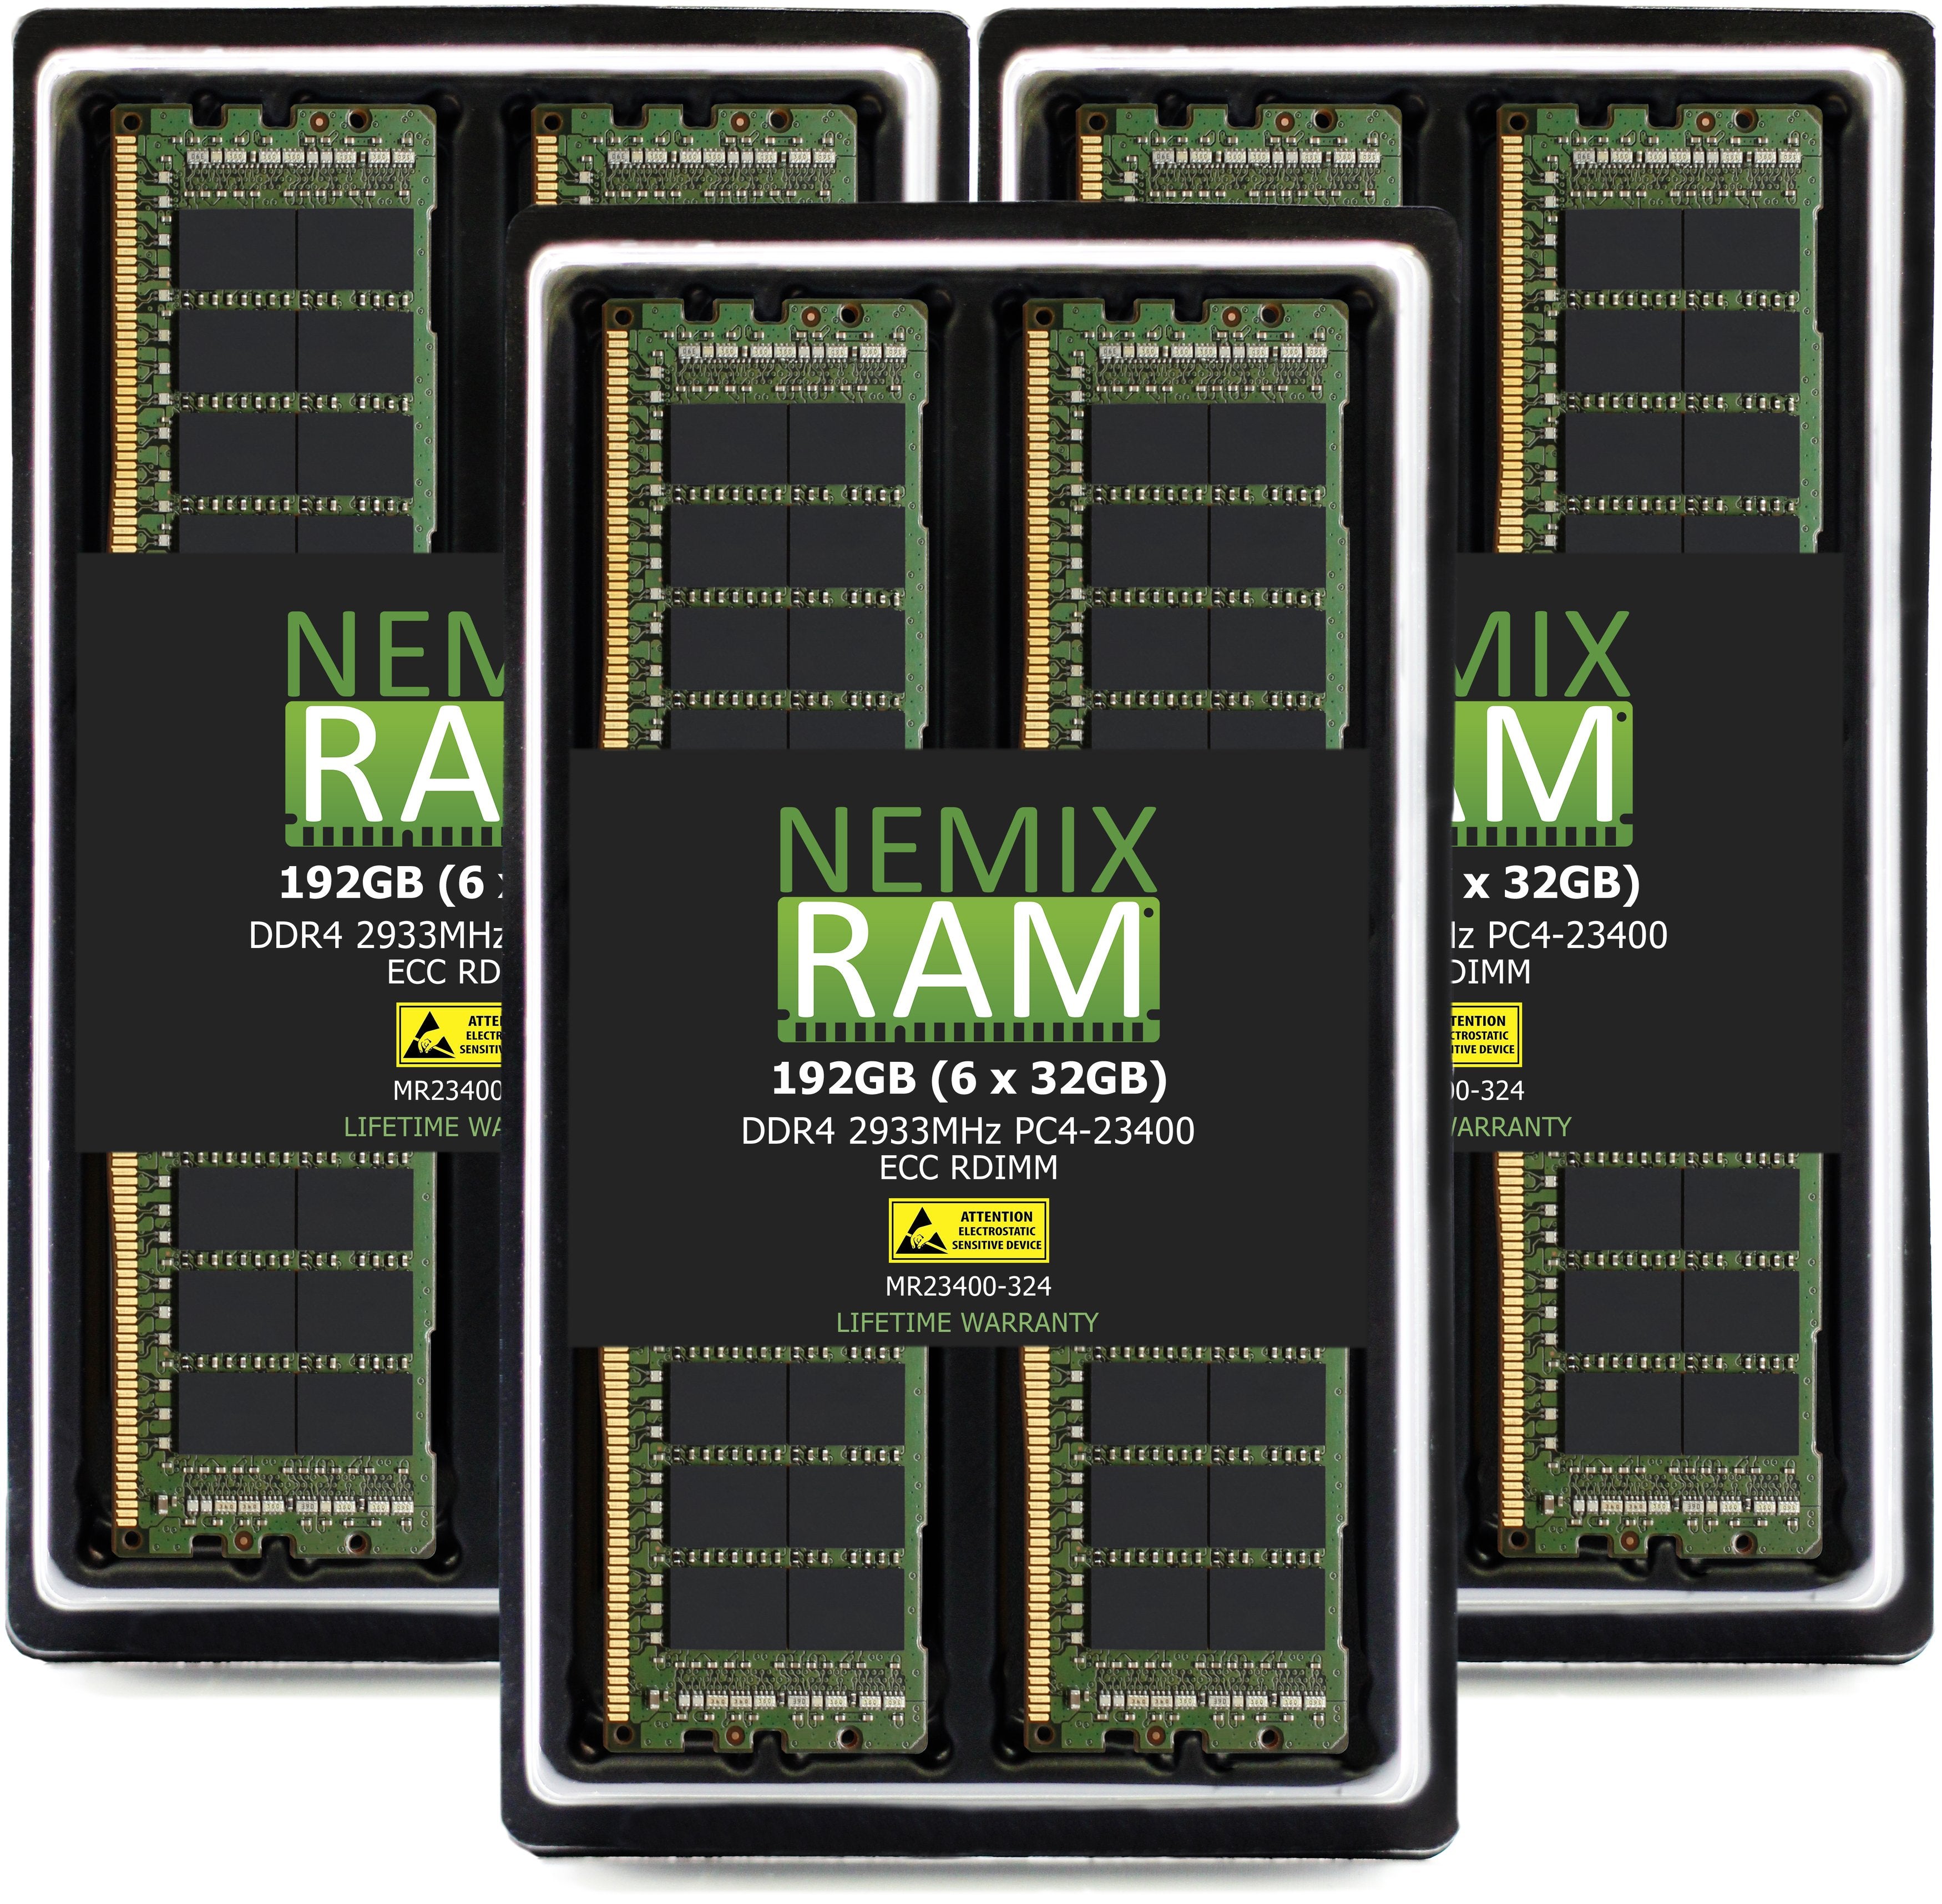 DDR4 2933MHZ PC4-23400 RDIMM for Apple Mac Pro Rack 2020 7,1
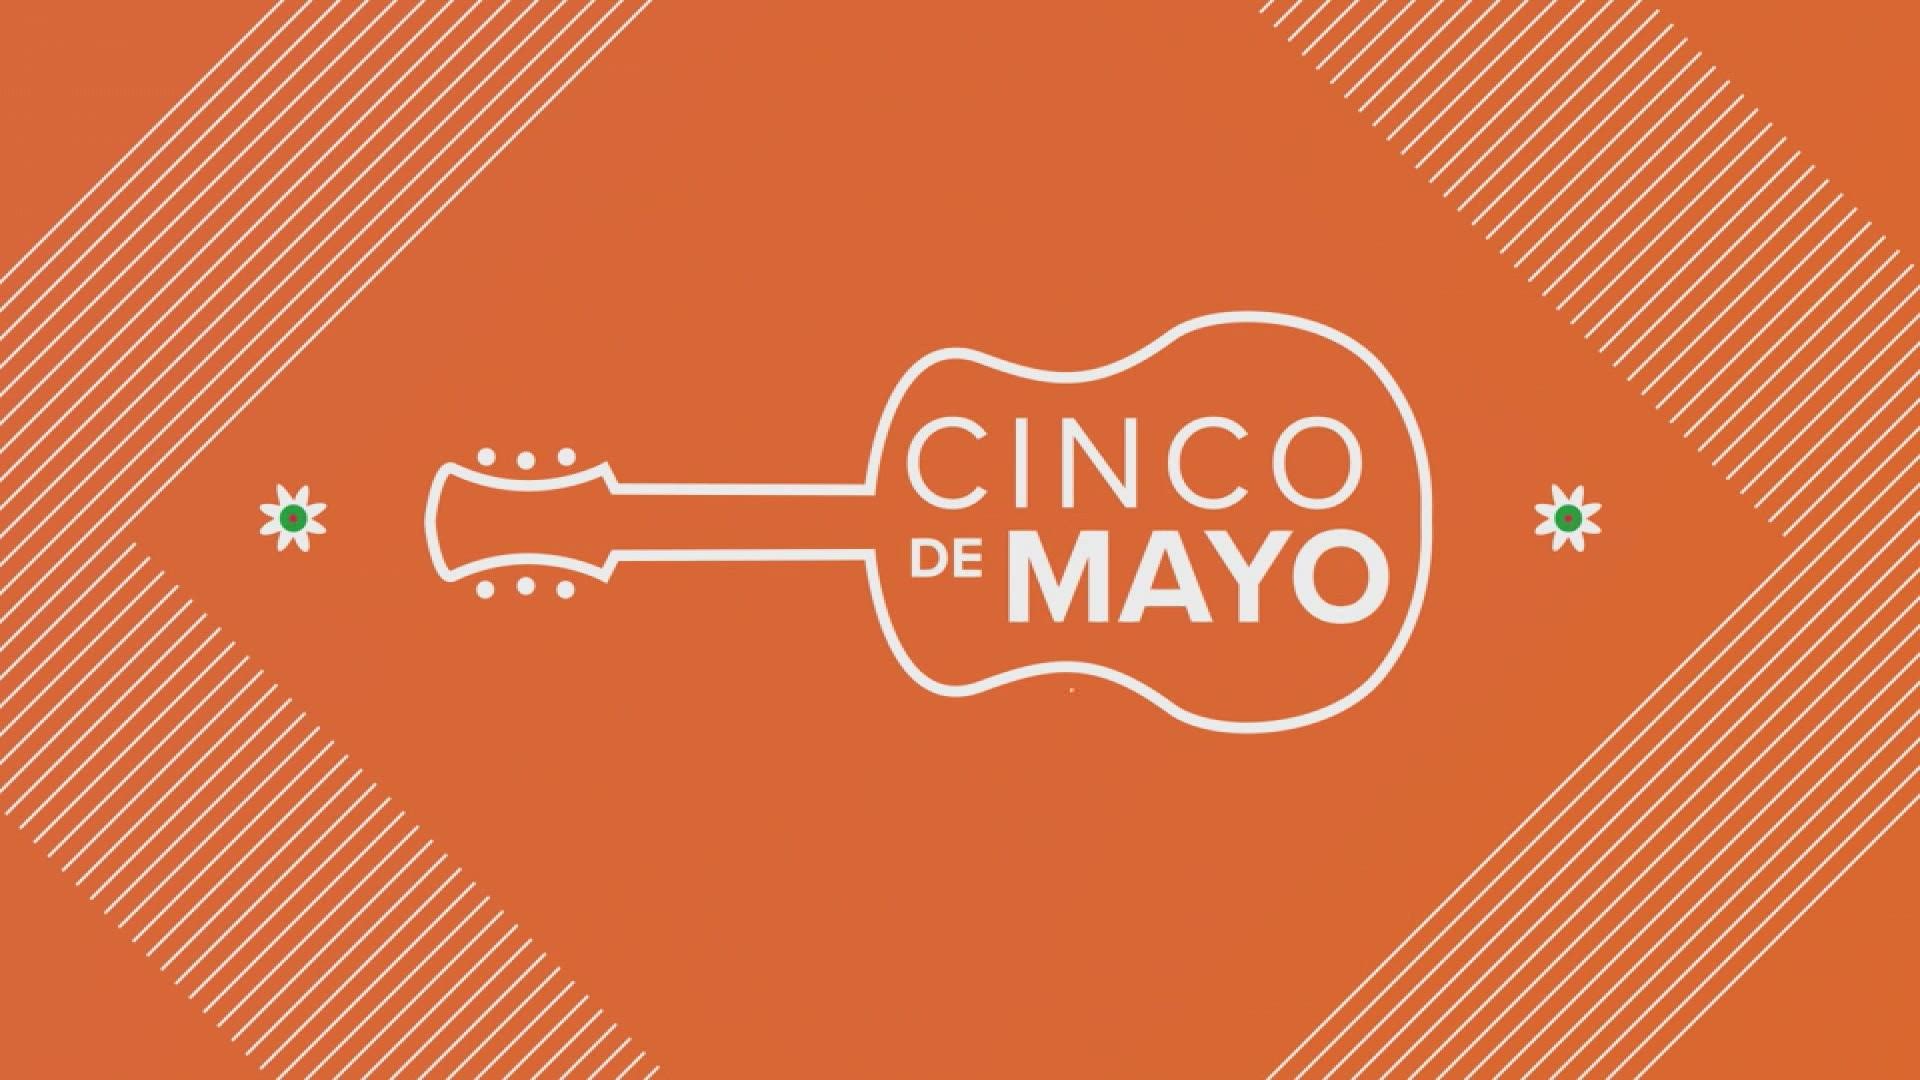 Cinco de Mayo is a holiday celebrating Mexico's victory over France in 1862 in the Battle of Puebla.
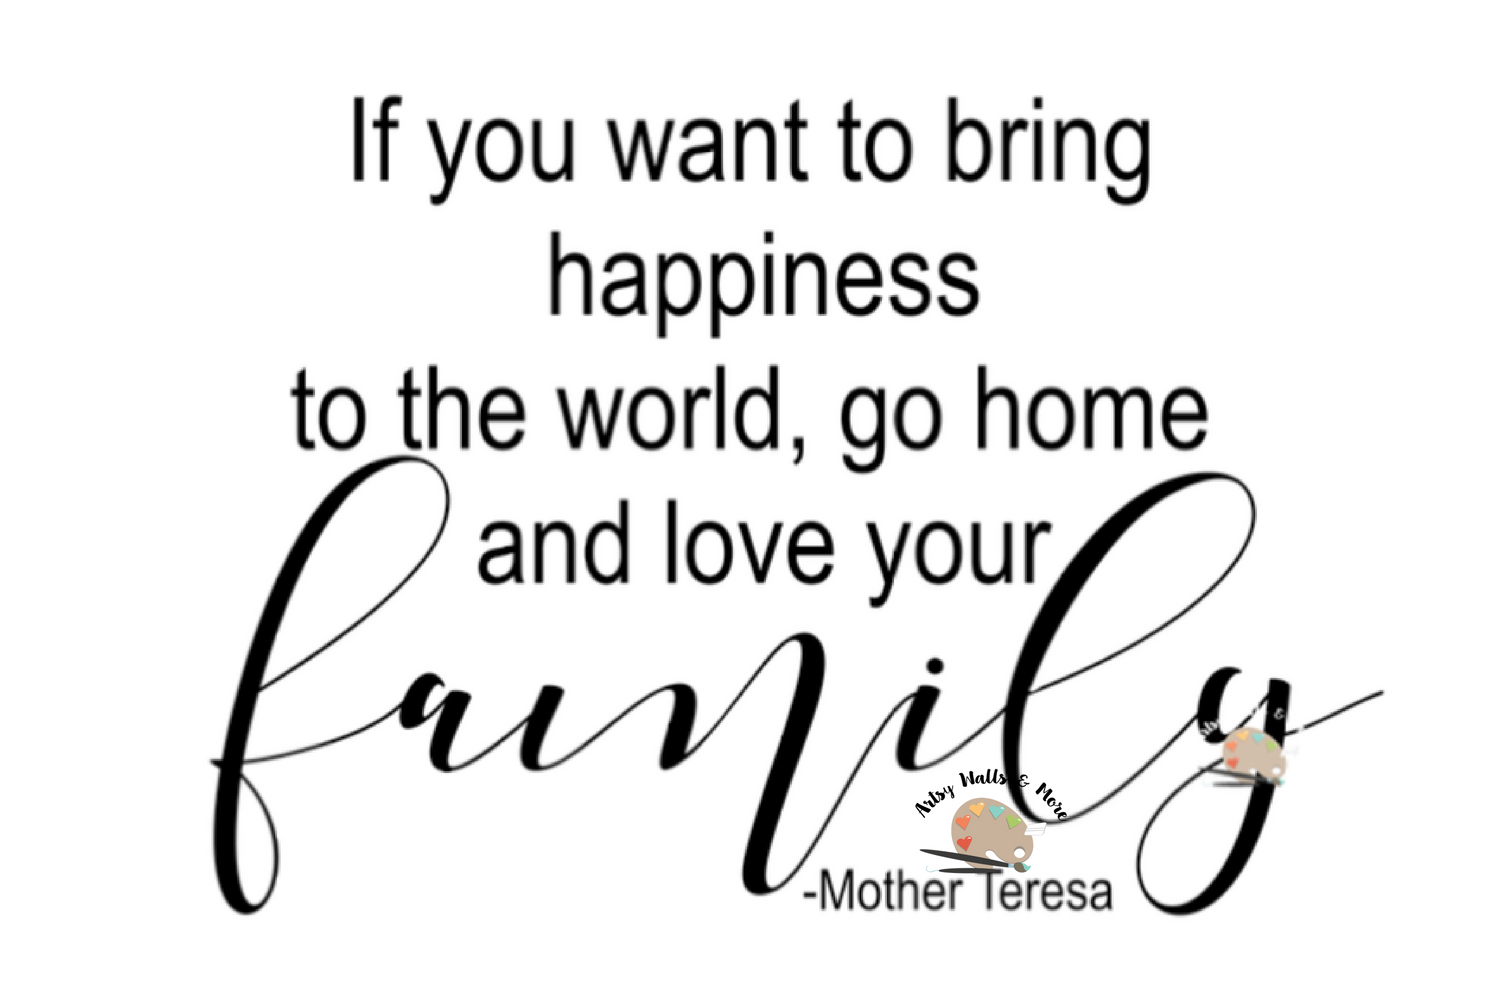 Download Happiness...love your family Mother Teresa quote svg file

○ ○ ○ ○

Task instructions: Write out verbatim the lines from the one containing "Cinco de Mayo" through the last line of the listing above, and no other lines; omit pictures.

Task solution:
 Cinco de Mayo is a holiday celebrating Mexico's victory over France in 1862 in the Battle of Puebla.
 Download Happiness...love your family Mother Teresa quote svg file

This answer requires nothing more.